Let's solve the problems step by step from the image.

Part II: Find the indicated term of each item

1. Arithmetic sequence: 10, 13, 16, ...

   • Common difference $d = 13 - 10 = 3$
   • The $n$-th term of an arithmetic sequence is given by: $a_n = a_1 + (n - 1) \cdot d$ For the 10th term: $a_{10} = 10 + (10 - 1) \cdot 3 = 10 + 27 = 37$ Answer: $a_{10} = 37$

2. Sequence: $1, \frac{5}{4}, \frac{6}{4}, \dots$

   • This appears to be a fractional arithmetic sequence where the common difference $d = \frac{5}{4} - 1 = \frac{1}{4}$.
   • Using the arithmetic sequence formula, for the 12th term: $a_{12} = 1 + (12 - 1) \cdot \frac{1}{4} = 1 + \frac{11}{4} = \frac{4}{4} + \frac{11}{4} = \frac{15}{4}$ Answer: $a_{12} = \frac{15}{4}$

3. Arithmetic sequence: $3x, 8x, 13x, \dots$

   • Common difference $d = 8x - 3x = 5x$.
   • For the 13th term: $a_{13} = 3x + (13 - 1) \cdot 5x = 3x + 60x = 63x$ Answer: $a_{13} = 63x$

4. Sequence: $2m + 5, 5m + 5, 8m + 5, \dots$

   • This is an arithmetic sequence where the common difference $d = (5m + 5) - (2m + 5) = 3m$.
   • For the 15th term: $a_{15} = (2m + 5) + (15 - 1) \cdot 3m = (2m + 5) + 42m = 44m + 5$ Answer: $a_{15} = 44m + 5$

Part III: Answer each problem

1. Insert four arithmetic means between 3 and 83.

   • Total terms = 6 (including 3 and 83).
   • Common difference $d$ is calculated as: $d = \frac{83 - 3}{6 - 1} = \frac{80}{5} = 16$ The four arithmetic means are: $3 + 16 = 19,\quad 19 + 16 = 35,\quad 35 + 16 = 51,\quad 51 + 16 = 67$ Answer: 19, 35, 51, 67

2. Insert three arithmetic means between -44 and -12.

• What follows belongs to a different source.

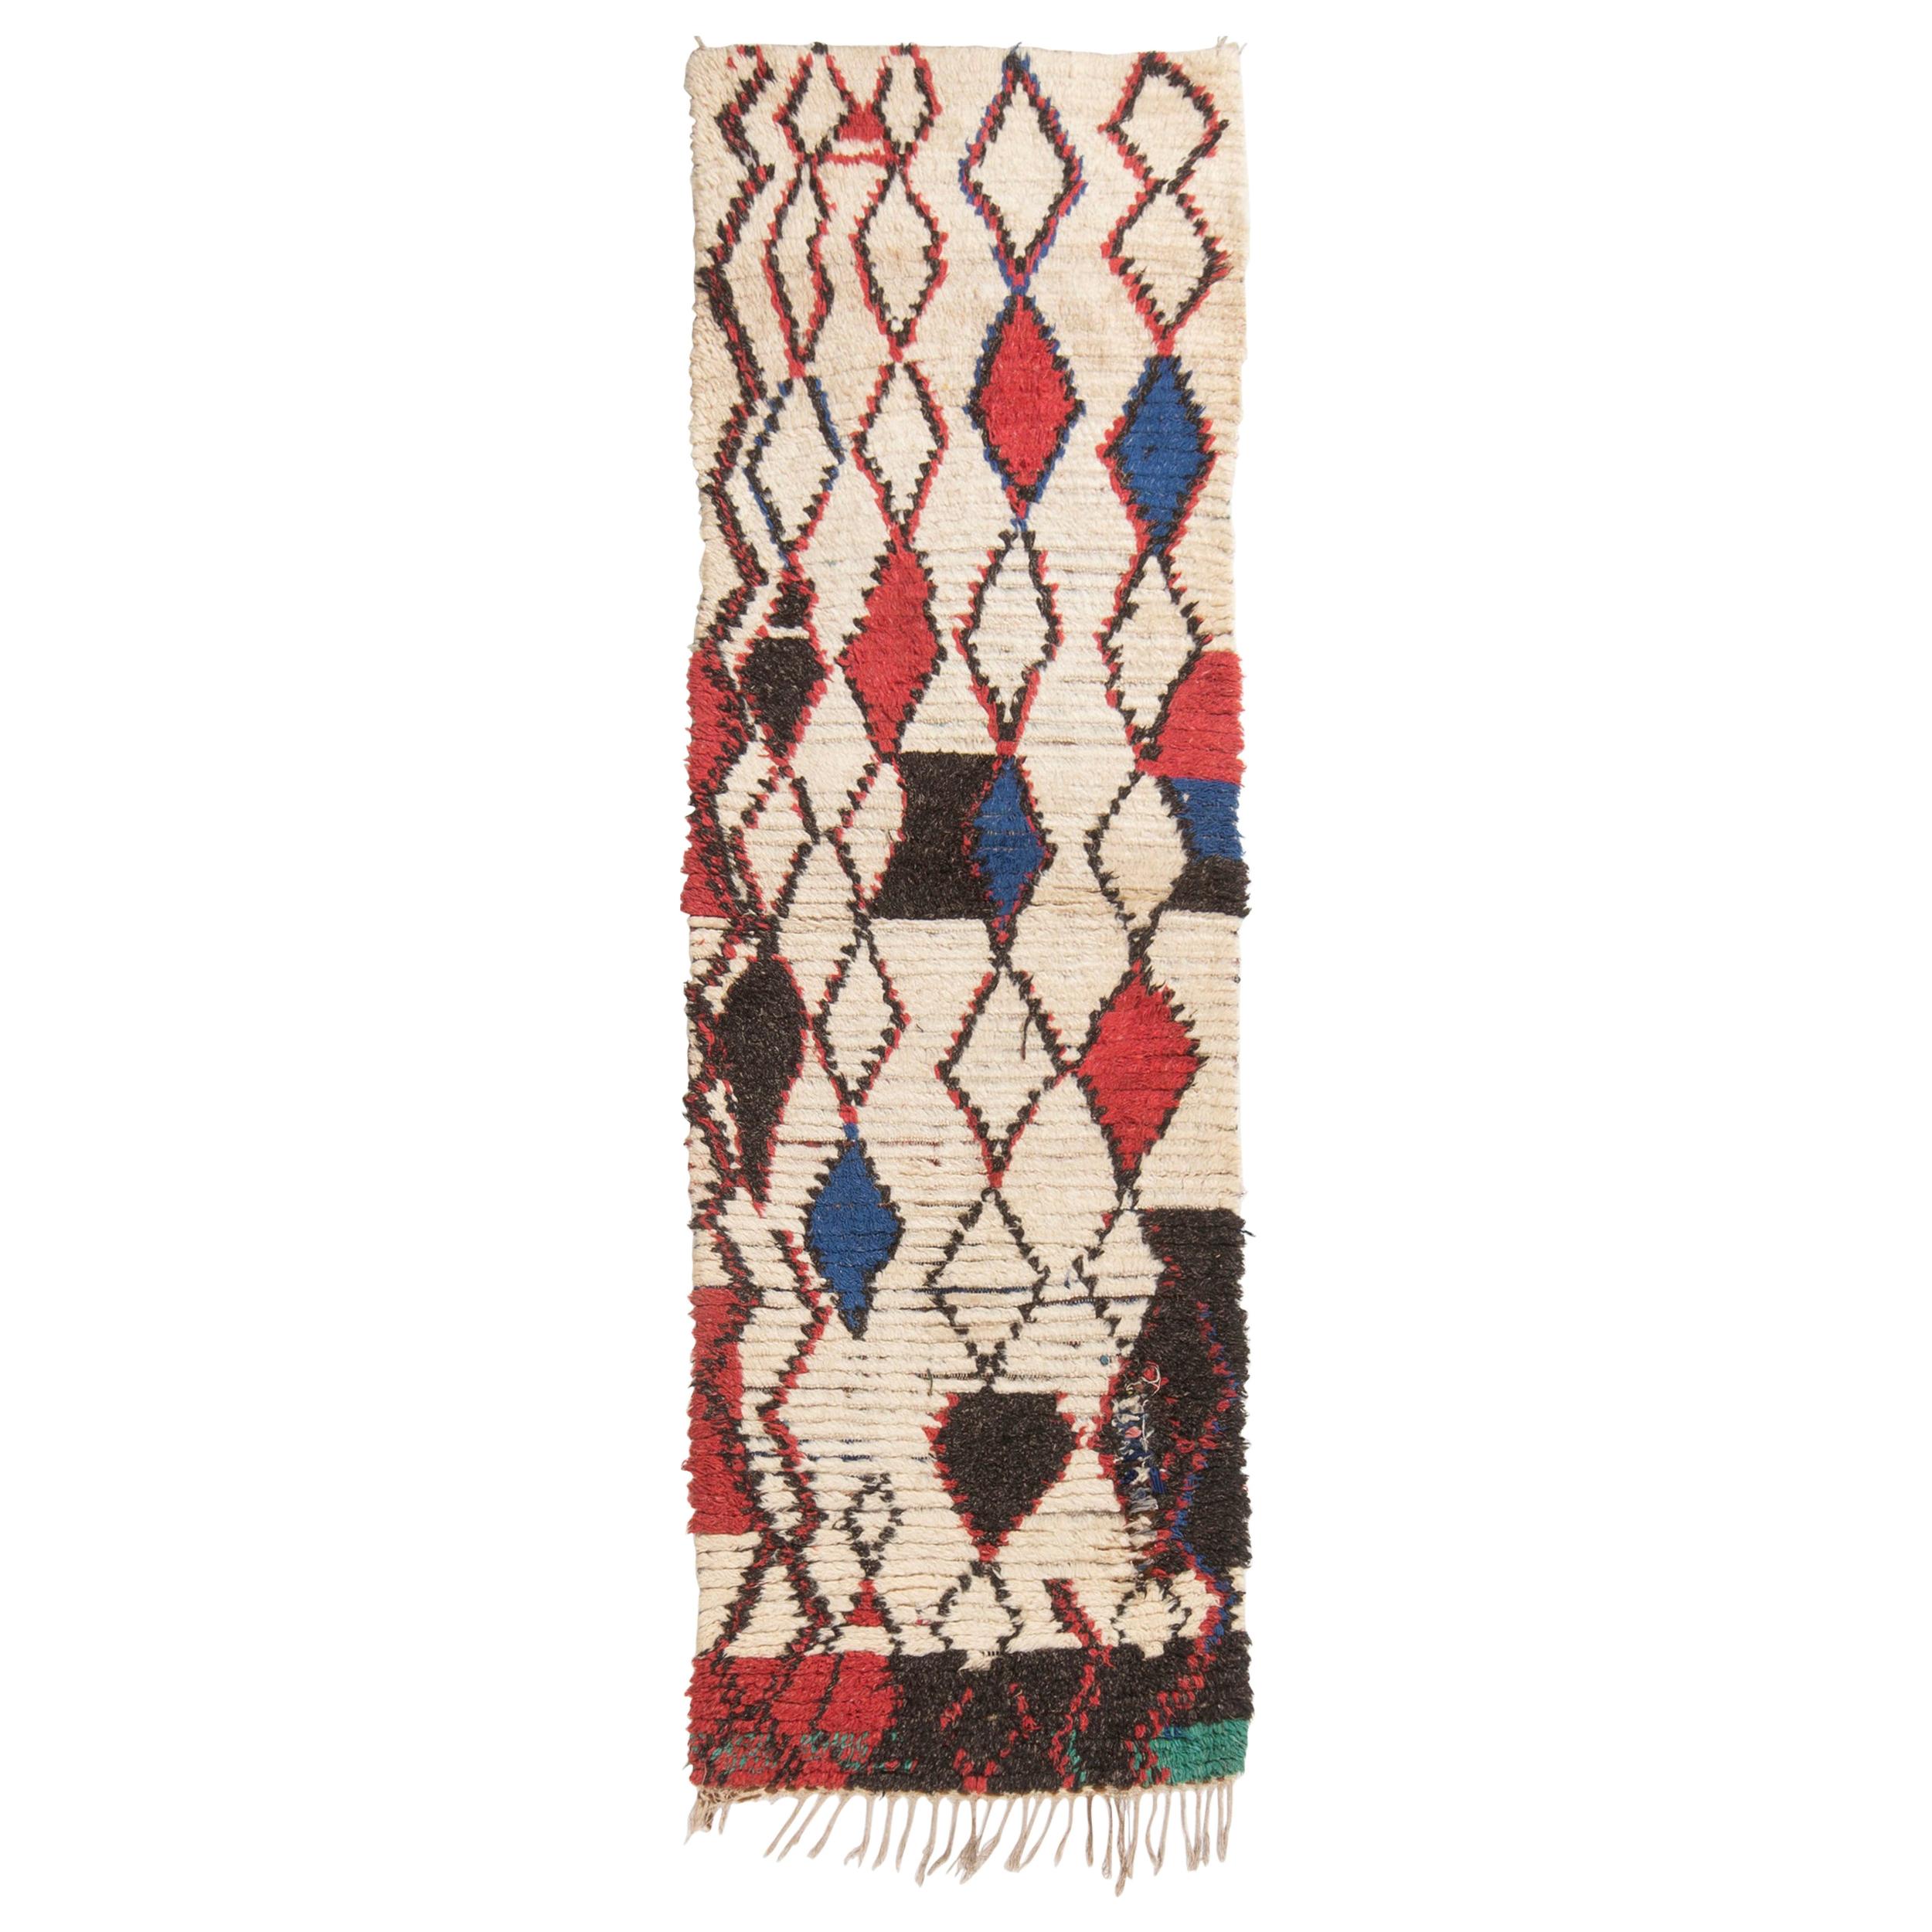 Vintage Midcentury Moroccan Beige Red and Blue Wool Rug by Rug & Kilim

   • Total terms = 5 (including -44 and -12).
   • Common difference $d$ is: $d = \frac{-12 - (-44)}{5 - 1} = \frac{32}{4} = 8$ The three arithmetic means are: $-44 + 8 = -36,\quad -36 + 8 = -28,\quad -28 + 8 = -20$ Answer: -36, -28, -20

3. The arithmetic mean of the second and fourth term of an arithmetic sequence is 15.

   • Let the first term be $a$ and the common difference be $d$.
   • Second term: $a + d$, fourth term: $a + 3d$.
   • The arithmetic mean is: $\frac{(a + d) + (a + 3d)}{2} = 15$ Simplifying: $\frac{2a + 4d}{2} = 15 \implies a + 2d = 15$ Therefore, the relationship between $a$ and $d$ is $a + 2d = 15$.

Do you need any more details or have any questions? Here are 5 related questions to explore:

1. What is the general formula for finding the $n$-th term in an arithmetic sequence?
2. How can you determine if a sequence is arithmetic or geometric?
3. What is the difference between an arithmetic mean and a geometric mean?
4. Can you find the sum of the first $n$ terms of an arithmetic sequence?
5. How can you derive the common difference if only partial terms of a sequence are given?

Tip: Always check if a sequence is arithmetic by verifying the common difference between terms.